Dan ketika malam datang, layar lebar dibentangkan. Film-film tentang pembangunan, tentang Indonesia, diputar di bawah bintang-bintang. Anak-anak duduk bersila, mata mereka berbinar. Mereka menonton bukan hanya cerita di layar, tapi juga kemungkinan tentang masa depan mereka sendiri.
Lalu ada satu metode yang membawa suasana berbeda—metode GASING, Gampang, Asik, dan Menyenangkan. Para pelajar diajak belajar matematika bukan dengan beban, tapi dengan tawa. Angka-angka yang dulu tampak seperti musuh, kini berubah jadi permainan yang menyenangkan. Para guru tersenyum lega, karena untuk pertama kalinya, belajar tak lagi membuat anak-anak menghindar.

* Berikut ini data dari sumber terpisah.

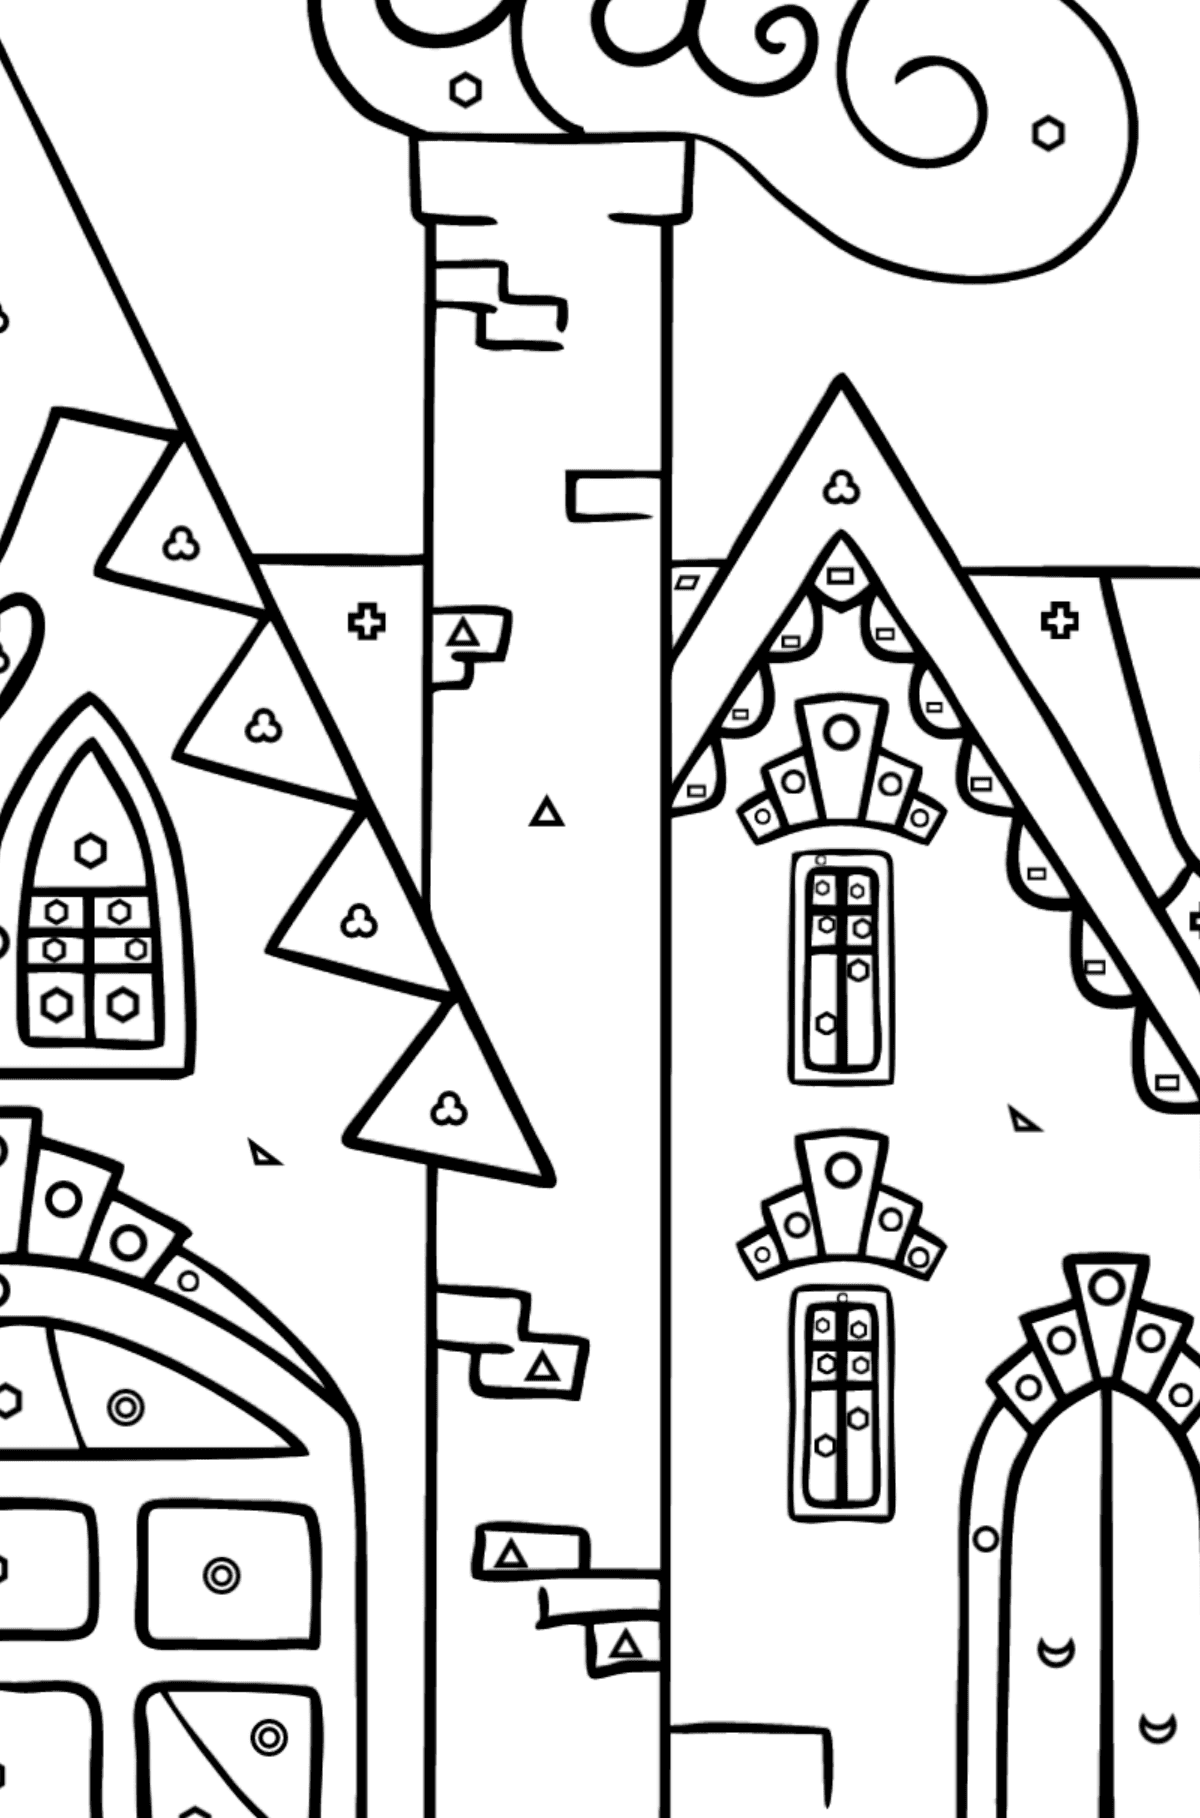 Czarujący dom kolorowanka (trudna) - Kolorowanie według figur geometrycznych dla dzieci

Semua itu menjadi jalinan utuh antara fisik dan non-fisik, antara rumah yang berdiri dan pikiran yang tumbuh, antara tanah yang dibuka dan jiwa yang dibangkitkan.
Dan di tengah semua itu, Satgas TMMD berjalan pelan namun pasti, meninggalkan bukan hanya bangunan, tapi juga kesadaran bahwa pembangunan sejati adalah ketika manusia merasa dihargai, didengarkan, dan diajak berjalan bersama.

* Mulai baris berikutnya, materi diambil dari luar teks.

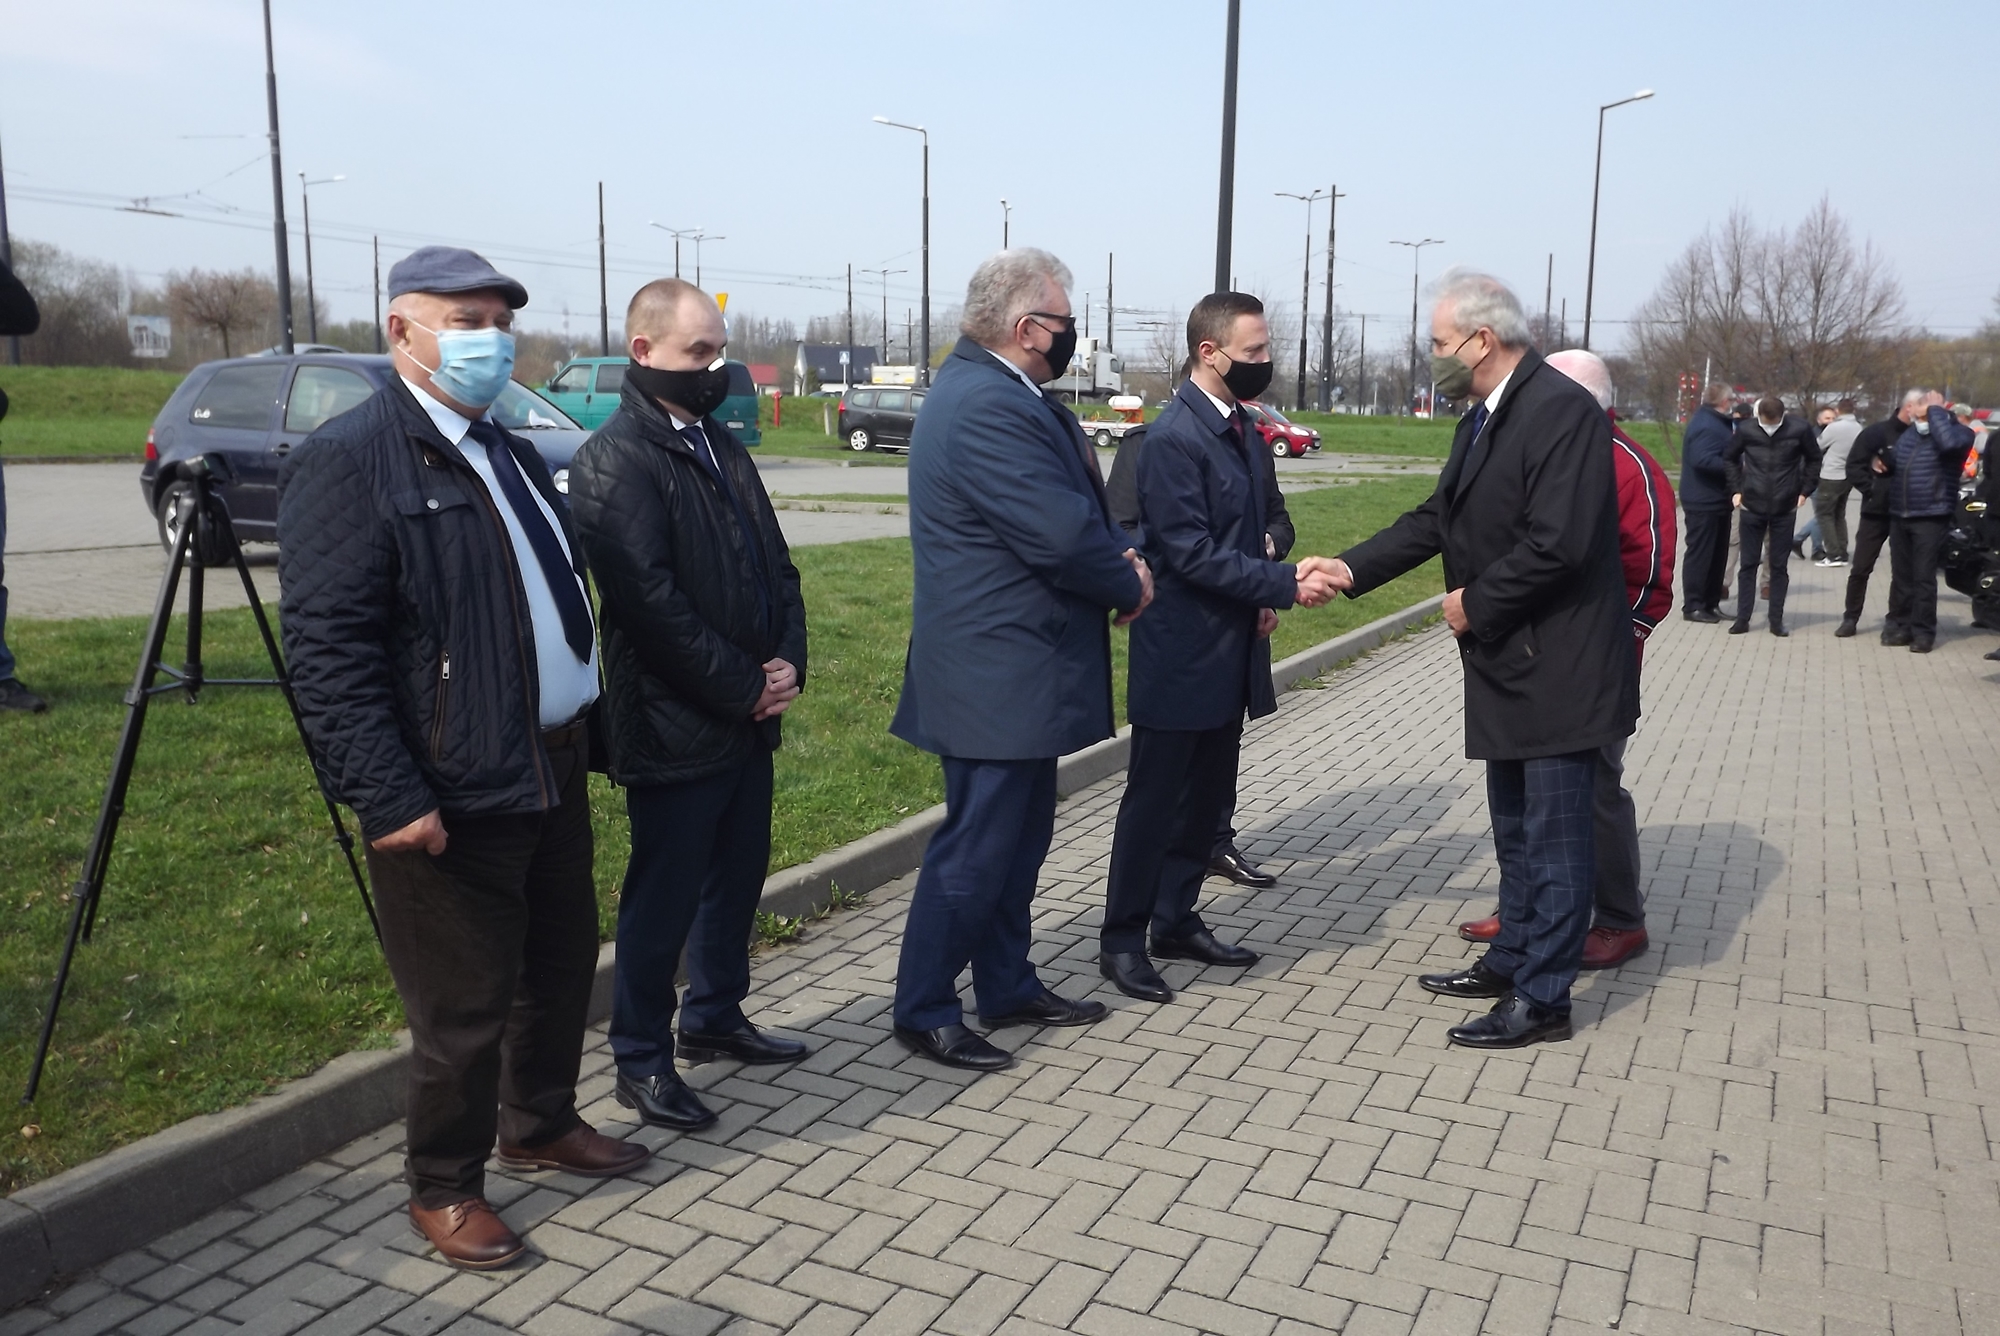 Na zdjęciu widzimy moment przekazania przez Wicemarszałka Michała MUlawę kluczyków do ciągnika, kierownikowi Rejonu Dróg Wojewódzkich w Chełmie.

Pemimpin yang Hadir, Bukan Sekadar Memimpi
Di balik kesibukan pembangunan, di tengah barisan prajurit yang bekerja tanpa lelah, ada satu sosok yang selalu hadir dengan cara berbeda. Letkol Inf. M. Slamet Wijaya, M.A—Dansatgas 1710/Mimika bukan hanya seorang pemimpin lapangan, tapi juga penjaga hati. Ia datang ke Kampung Pigapu tak hanya dengan seragam dan pangkat, tapi dengan misi yang lebih besar membangun, menguatkan, dan mengasihi.

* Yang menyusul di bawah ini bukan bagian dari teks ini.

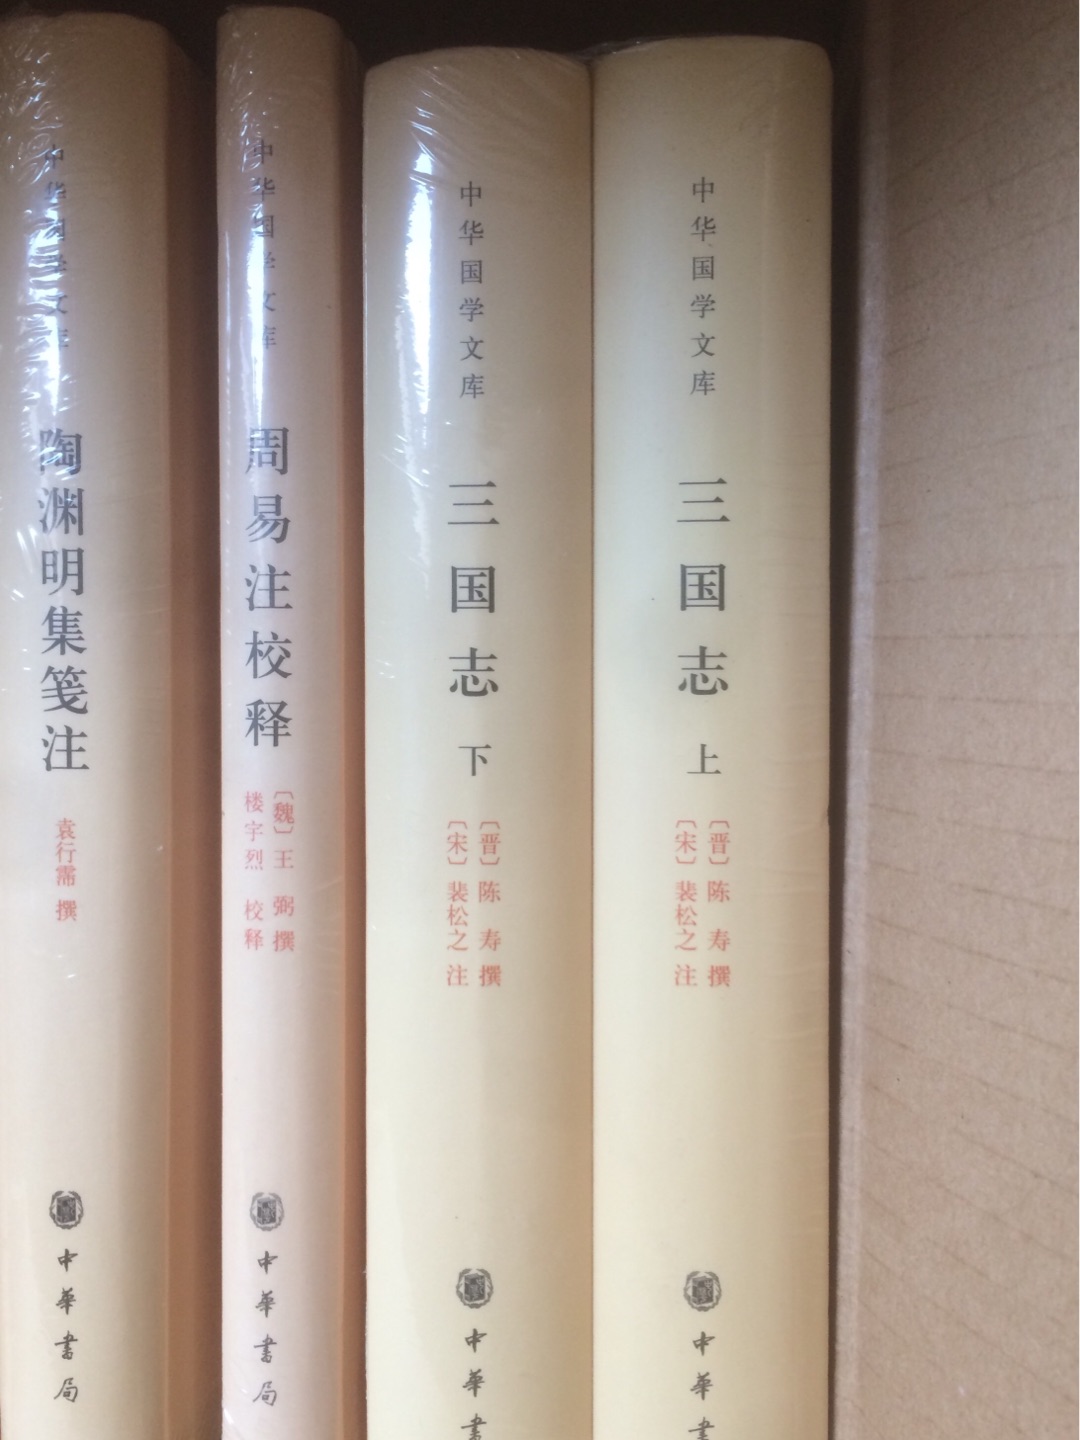 中华书局的国学文库系列精装，很不错。

Kedekatan Letkol Inf. M. Slamet Wijaya dengan anak-anak
Ia tidak duduk di balik meja sambil mengamati dari jauh. Ia turun langsung ke lapangan, menembus lumpur, debu, dan panas. Warga mengenalnya bukan karena pidato panjang, tapi karena senyuman yang tak pernah absen. Anak-anak menyambutnya dengan tawa, bukan takut. Karena dari balik lorengnya, selalu ada coklat yang ia keluarkan dari saku pemberian kecil, tapi maknanya dalam.
Baju loreng yang biasanya diidentikkan dengan ketegasan dan kedisiplinan, kini berubah makna menjadi simbol kehangatan dan perlindungan. Kamera wartawan menangkap momen-momen tulus, saat senyum manisnya merekah tanpa rekayasa, melukiskan kisah seorang pemimpin yang tidak hanya memerintah, tapi juga merangkul.
Letkol Inf. M. Slamet Wijaya bukan sekadar pemimpin operasi. Ia menjadi wajah dari perhatian negara yang hadir bukan dengan kesombongan, tapi dengan kepedulian. Ia tahu, bahwa pembangunan tak akan pernah sempurna tanpa cinta yang menyertainya.
Menyatu, Tak Sekadar Singgah
Hari-hari bergulir tanpa henti, dan batas antara prajurit dan warga Pigapu mulai luntur, bagai kabut pagi yang menghilang disapu sinar matahari. Mereka tak lagi berdiri sebagai dua dunia yang berbeda melainkan bersatu dalam langkah, tawa, dan kerja keras yang sama.
Kedekatan satgas TMMD dengan anak-anak
Mereka makan bersama di meja sederhana, tertawa lepas di bawah langit terbuka, dan berbagi peluh di tengah teriknya siang. Pigapu tidak lagi sekadar titik kecil di peta, melainkan rumah yang sesungguhnya tempat di mana prajurit dan rakyat menjadi satu dalam ikatan tanpa kata Indonesia.
Kebersamaan itu tumbuh bukan karena aturan, tapi karena hati yang terbuka. Satgas TMMD Kodim 1710/Mimika tak lagi sekadar tamu, mereka telah menjadi bagian dari keluarga besar Pigapu. Tak jarang, para prajurit menyuapkan nasi ke anak-anak kecil yang malu-malu duduk di pangkuan. Tak ada rasa canggung, hanya kasih sayang yang mengalir tulus bagai seorang ayah, kakak, atau paman yang sedang merawat darah dagingnya sendiri.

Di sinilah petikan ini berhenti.